* **WHAT THE TASK ASKS**:
In the entries that follow, the line with "Thyboer med bue" opens the range and the line with "LEGO Nexo Knights Lavaria; image 1 of 2" closes it; repeat that range exactly, both lines included.

* **TASK DATA**:
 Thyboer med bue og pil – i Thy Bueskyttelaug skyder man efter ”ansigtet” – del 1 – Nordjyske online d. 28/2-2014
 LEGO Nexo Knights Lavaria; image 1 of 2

...

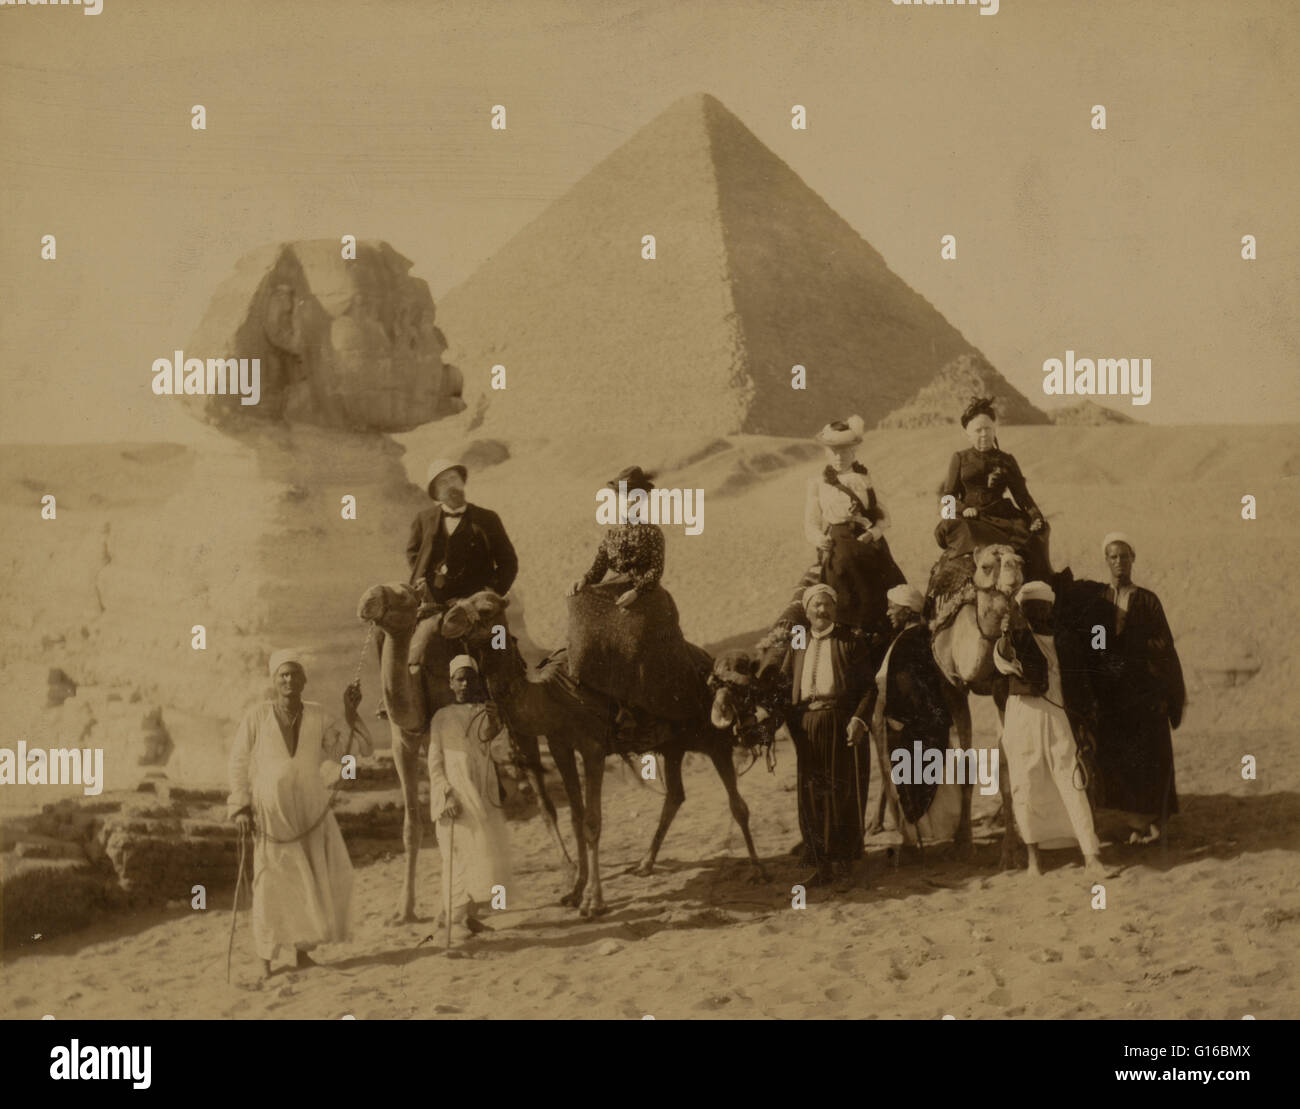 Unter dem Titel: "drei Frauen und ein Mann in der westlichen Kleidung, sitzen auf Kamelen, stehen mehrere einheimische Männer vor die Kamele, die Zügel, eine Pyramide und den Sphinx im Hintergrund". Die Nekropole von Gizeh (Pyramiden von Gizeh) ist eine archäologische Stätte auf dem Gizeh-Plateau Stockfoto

==

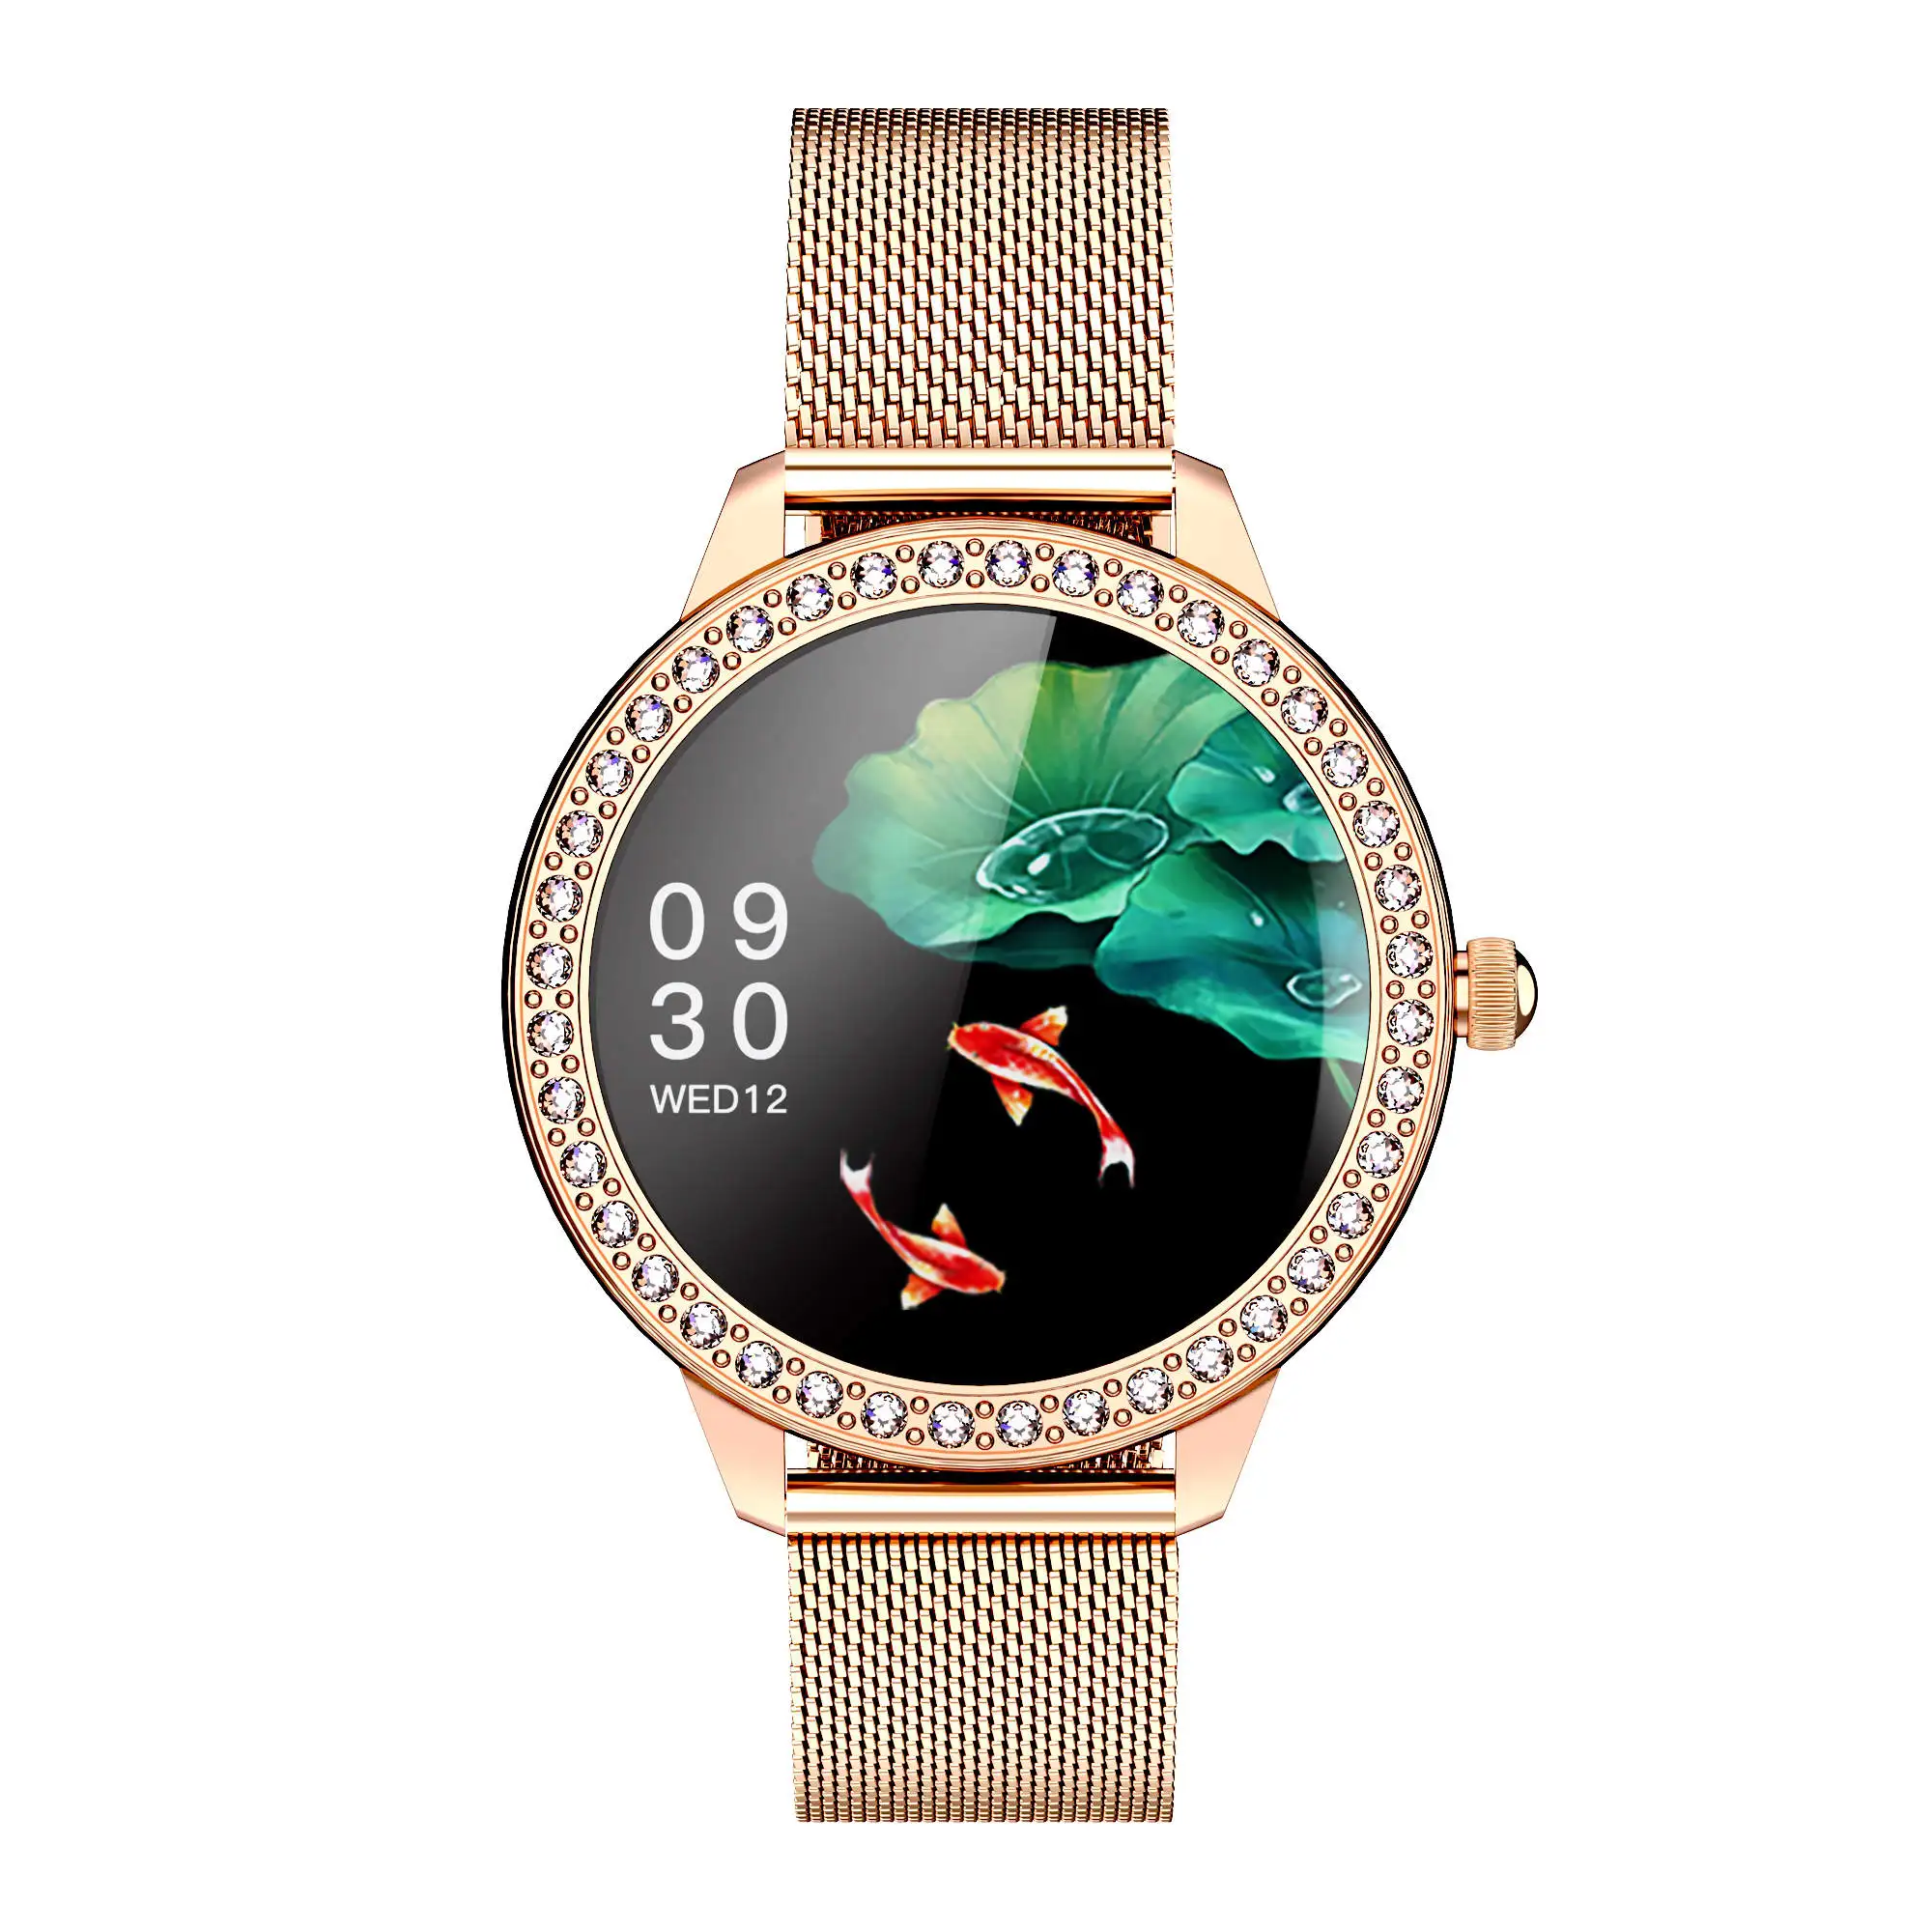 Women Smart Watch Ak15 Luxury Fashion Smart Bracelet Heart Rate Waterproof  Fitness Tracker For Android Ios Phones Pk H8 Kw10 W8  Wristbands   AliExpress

* **TASK SOLUTION**:
 Thyboer med bue og pil – i Thy Bueskyttelaug skyder man efter ”ansigtet” – del 1 – Nordjyske online d. 28/2-2014
 LEGO Nexo Knights Lavaria; image 1 of 2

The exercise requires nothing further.